Quindi la conclusione: "Lei è di Bologna e Bologna e l’Emilia Romagna è stata terra di casi giudiziari inquietanti, datati e anche meno datati. Quindi se la sua ironia e il suo scherno può sicuramente rivelare paura di una legge efficace sulla tortura, io le posso dire che a mia volta provo paura della sua ironia e quindi anche di lei. La sua paura fa paura a noi cittadini".

Il dirigente della Polizia postale cerca di chiarire il senso del suo tweet: "In riferimento alle parole di commento della signora Ilaria Cucchi su un tweet da me pubblicato lo scorso 22 luglio preciso che il giorno dopo - sottolinea Ceccaroli - ne ho pubblicato un secondo: 'Ma se anziché cercare di catturare i Pokemon i ragazzi si dedicassero ad ammazzare le zanzare? Non dormiremmo meglio?'".

Ed ancora un altro datato 24 luglio, spiega il poliziotto, "'Pokemon ad Auschwitz! abbiamo cresciuto una generazione senza sentimenti e rispetto; altro che giornate della memoria.

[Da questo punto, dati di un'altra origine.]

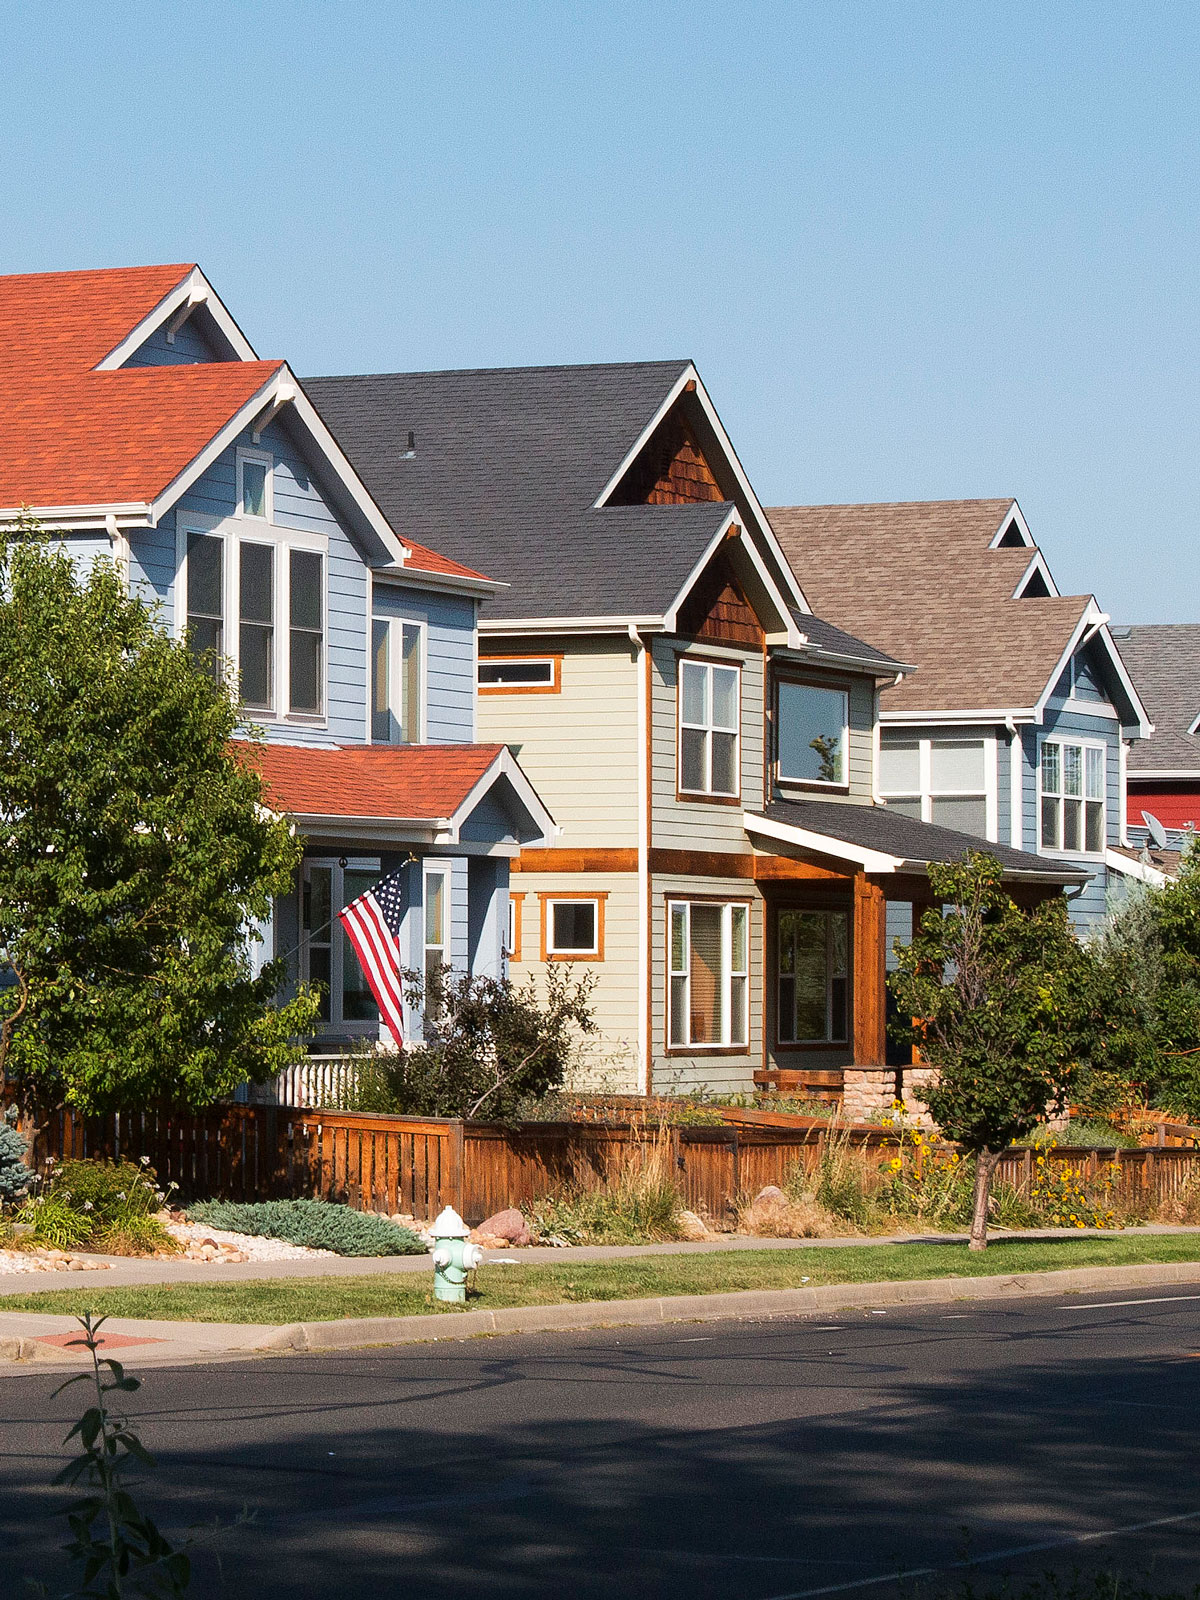 Casas suburbanas en una calle de barrio

Colpa nostra?!'. Credo che dall’insieme delle osservazioni che ho postato sul noto social si evinca chiaramente come il mio pensiero sia orientato esclusivamente ai pericoli derivanti dall’utilizzo dell’applicazione che nei giorni passati ha visto tanti ragazzi vittime di incidenti mentre giocavano".

"La mia attenzione per l'applicazione è derivata, oltre che da motivi professionali verso il mondo adolescenziale e le abitudini dei giovani online - aggiunge Ceccaroli - dalla mia condizione di genitore di adolescenti".

E conclude: "I tweet sono ironiche osservazioni su un’applicazione per richiamare l'attenzione, soprattutto dei genitori, su una novità del web potenzialmente pericolosa per i più giovani; ogni altra interpretazione di quanto scritto non è attribuibile al mio pensiero. Non ho mai inteso esprimere alcuna valutazione sulla proposta di legge relativa al cosiddetto reato di tortura".